Let us look at some of the innovations that will decrease the total time for the application process and create a comfortable setting for the customers:

RPA and AI for core processes: 


The automation of fundamental operations is critical because it aids in the processing of policies and the fulfilment of client demands. To handle structured and unstructured data, RPA (Robotic process automation) and AI operate together. Insurance chatbots powered by AI can assist customers in chatting and conversing with their providers and receiving rapid answers to their questions. Insurtech as a service must deal with massive amounts of data gathered from linked devices such as social media and other sources, which may be readily automated. Because life insurance plans contain a lot of paperwork, automation is a wonderful method to eliminate human errors and save time.

Predictive Analysis: 


Predictive analysis is critical for analysing the demands of existing and future consumers. Life insurance firms may employ actionable data to uncover historical as well as current patterns and design their strategy appropriately. It aids in the creation of customised solutions based on client feedback. This information is required by Insurtech consulting firms in order to provide meaningful advice to their clients.

Smart Contracts: 


The IT sector has been profoundly influenced by blockchain, and blockchain-based smart contracts are a major change in automating life insurance policy claims. It is based on the decentralised ledger idea, in which each client has their own copy of the ledger and may commit to a transaction independently. Based on a set of pre-defined circumstances, the smart contract can be handled automatically. It's a fantastic approach to boost operational efficiency and expedite claim processing.

Smart Contracts: 


The IT sector has been profoundly influenced by blockchain, and blockchain-based smart contracts are a major change in automating life insurance policy claims. It is based on the decentralised ledger idea, in which each client has their own copy of the ledger and may commit to a transaction independently. Based on a set of pre-defined circumstances, the smart contract can be handled automatically. It's a fantastic approach to boost operational efficiency and expedite claim processing.

Advanced analytics for fraud prevention: 


According to the studies, insurance firms lose at least 3% of their profits owing to fraudulent activity. As a result, insurance firms are eager to take use of sophisticated analytics powered by AI in order to provide a more trustworthy, dependable, and transparent experience for their clients. Customer data from numerous sources, including as mobile devices and social media platforms, is regularly evaluated and monitored for any abnormal behavioural trends.

Conclusion: 


With the COVID-19 epidemic ushering in a new normal, insurance has risen to the front of purchasers' minds, totally altering the value cycle.
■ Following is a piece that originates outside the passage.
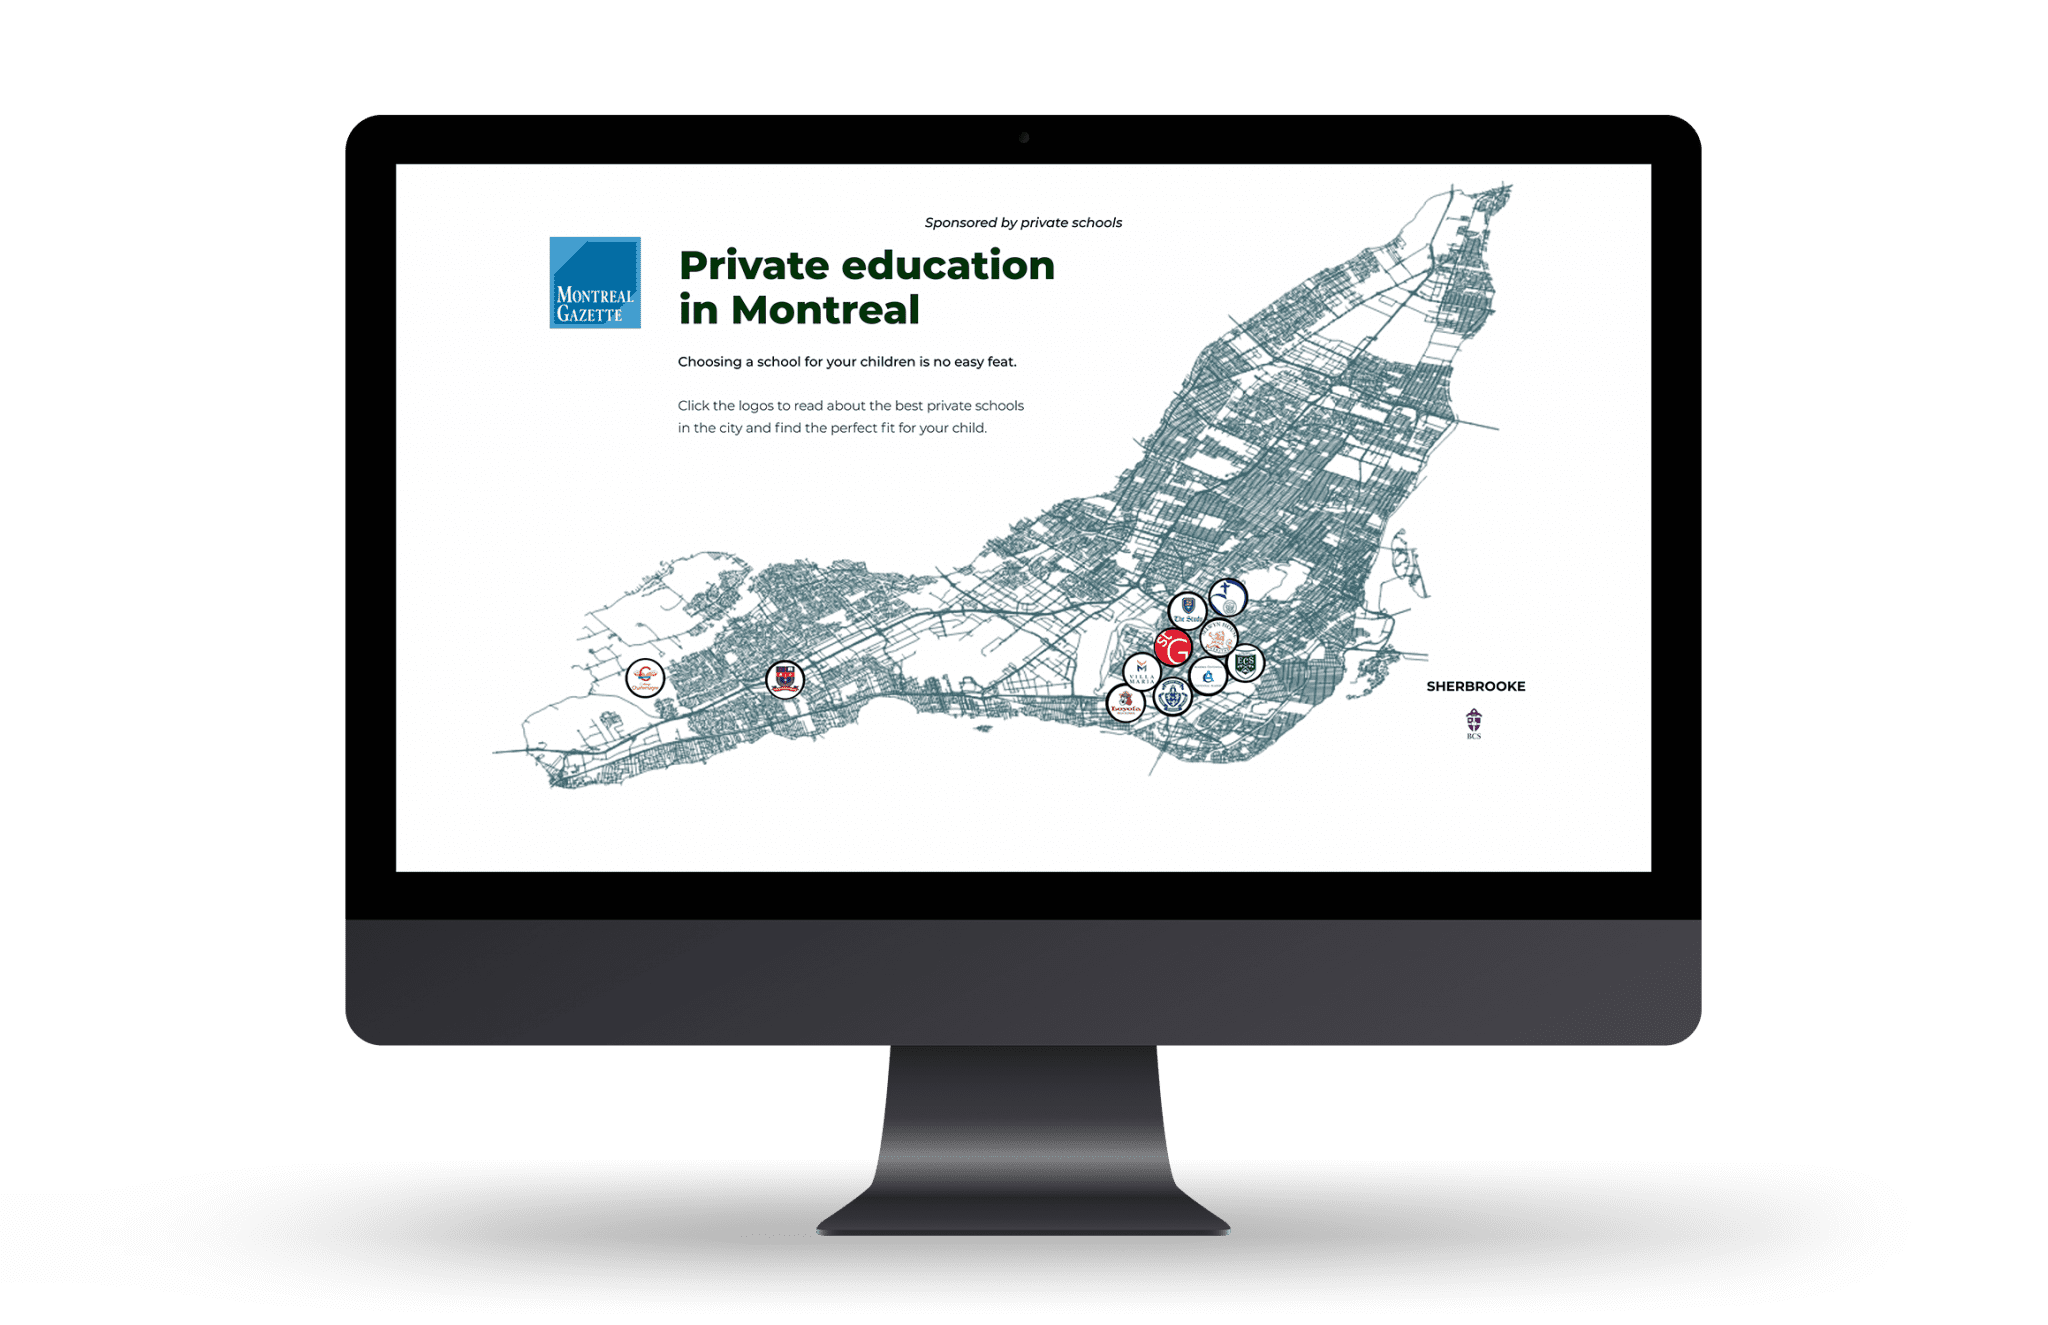 Private schools of Montreal sponsored content shown on a desktop computer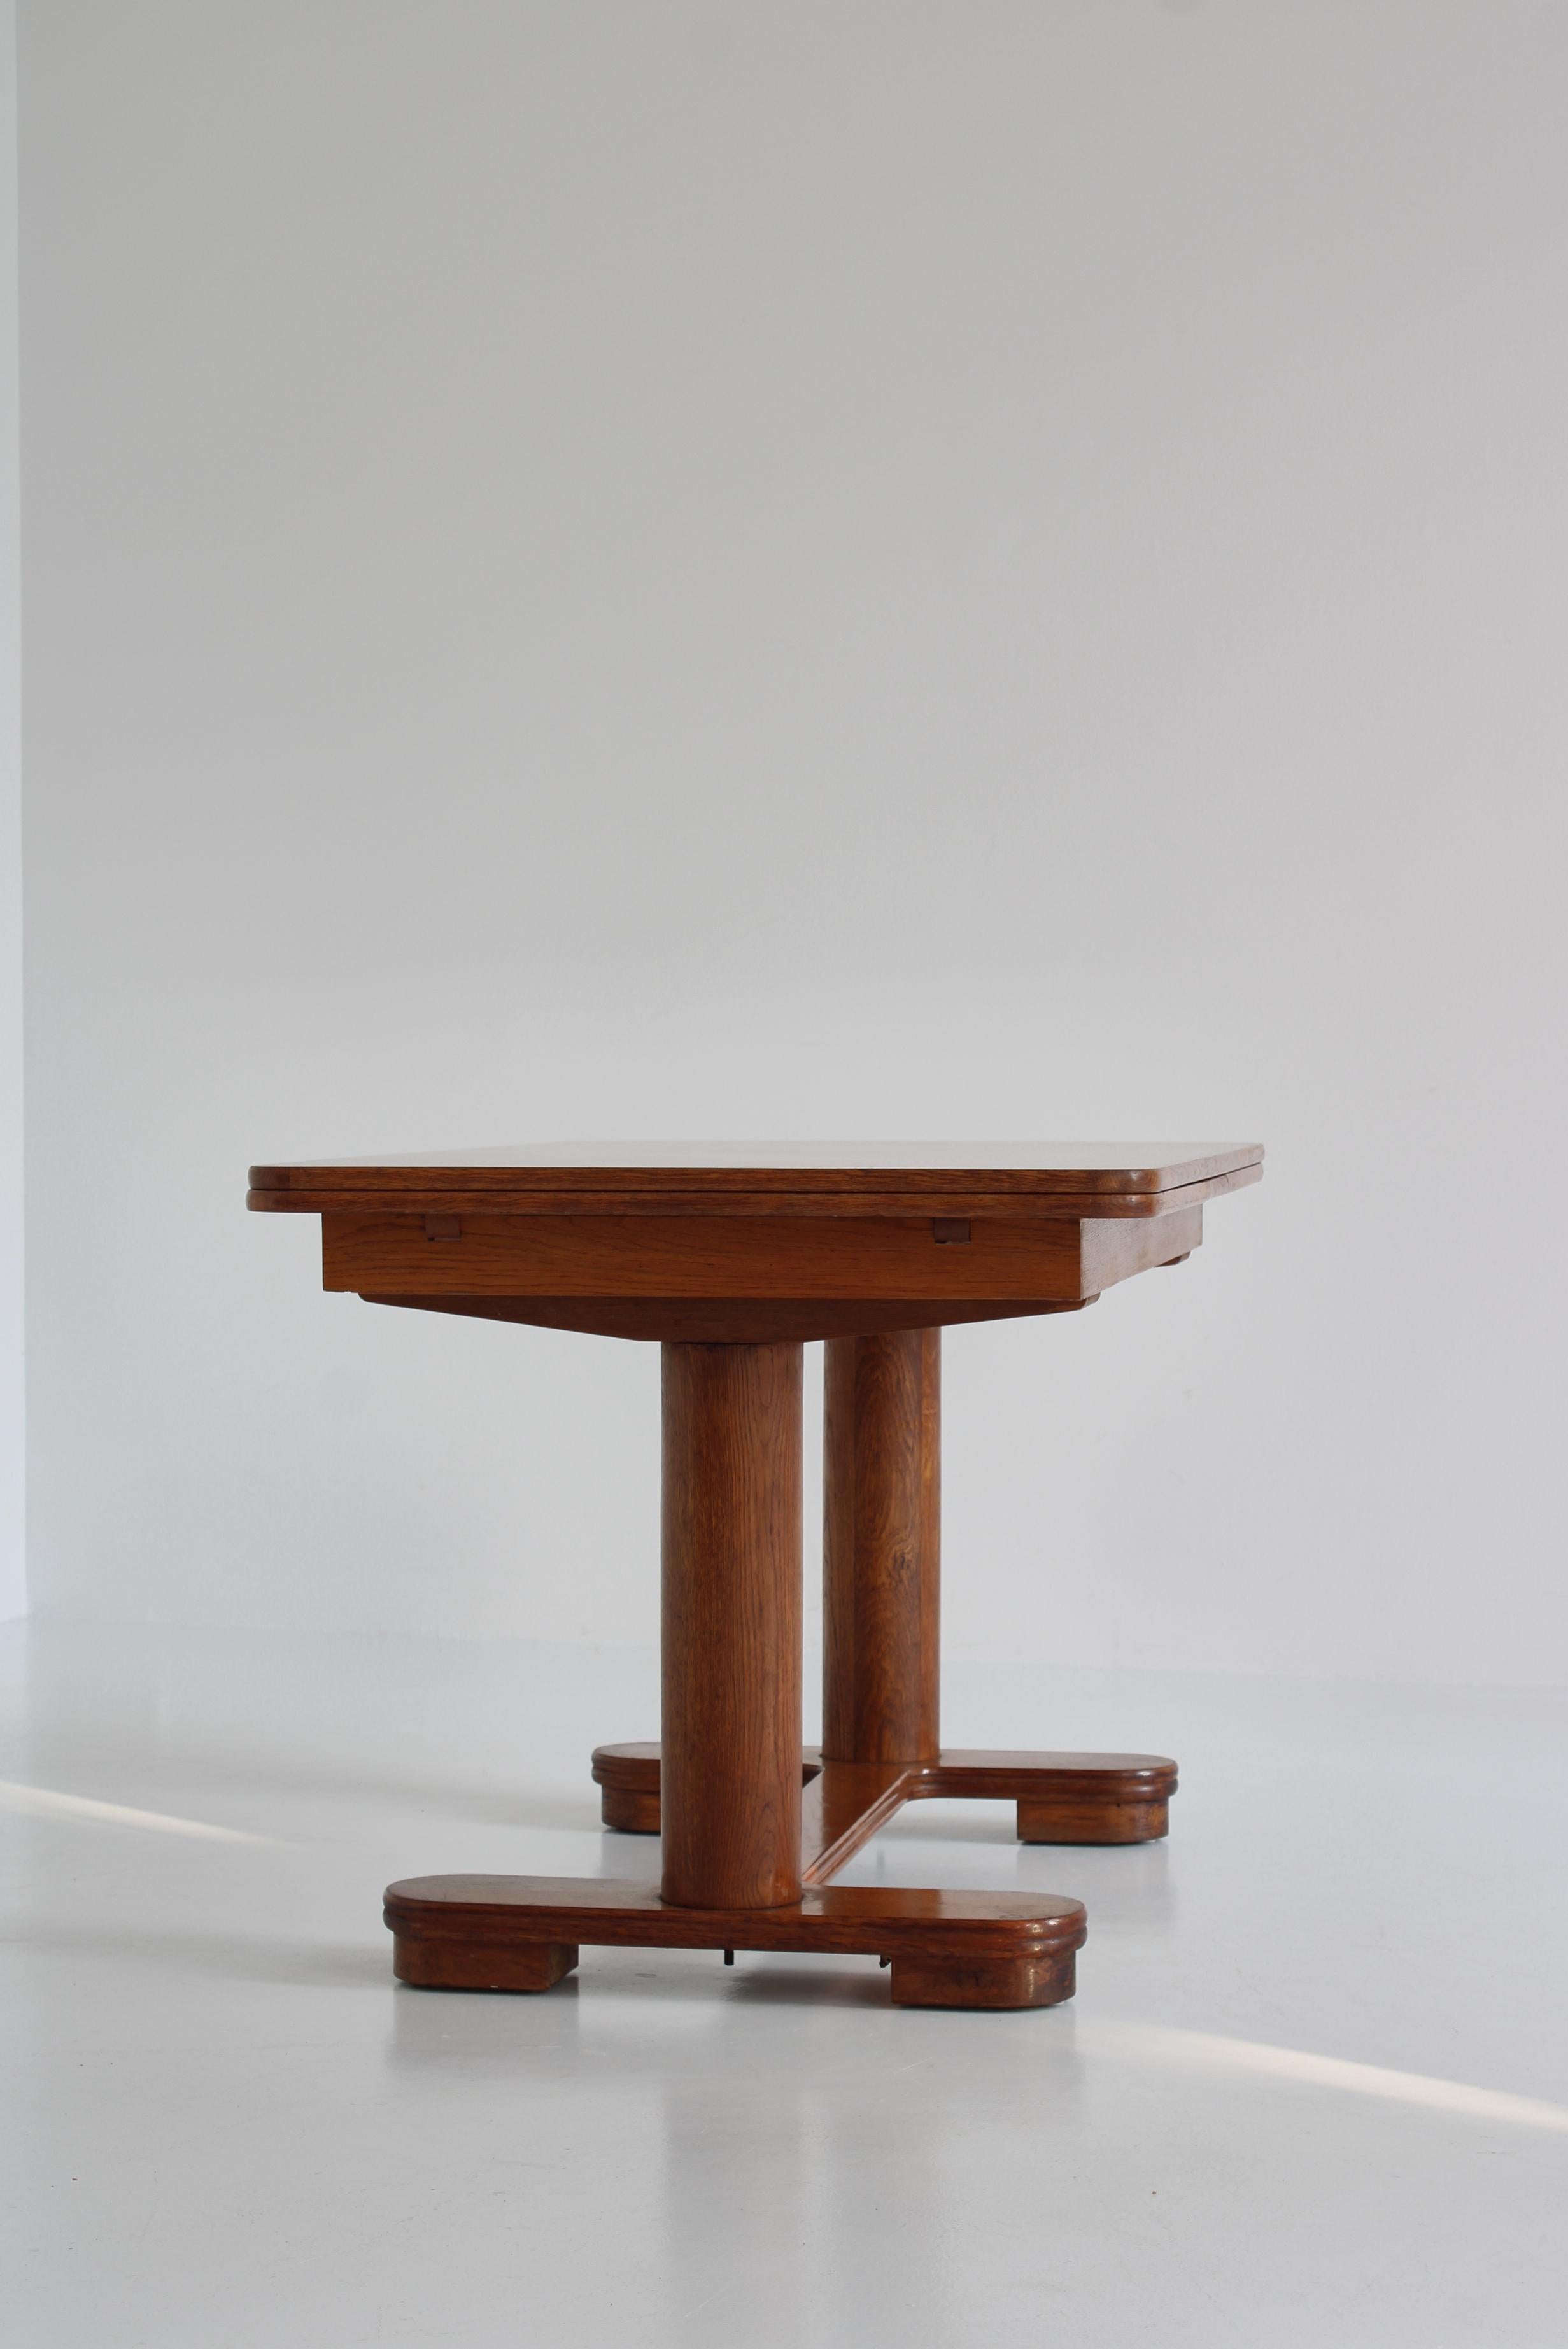 Art Deco Table by Danish Cabinetmaker in Patinated Oak, 1930s In Good Condition For Sale In Odense, DK

Both kinds of selling are clearly going to coexist for many decades to come, and balancing the physical with the digital is the way to go. However, it's worth noting that Insurtech has shown to be a viable alternative to traditional sales channels. Contactless digital selling has built a trust factor with clients by assuring total transparency. 

The sector of life insurance has just recently begun to evolve in terms of technological innovation. The technological factors listed above will form the cornerstone of Insurtech innovation and will go far beyond it in the future.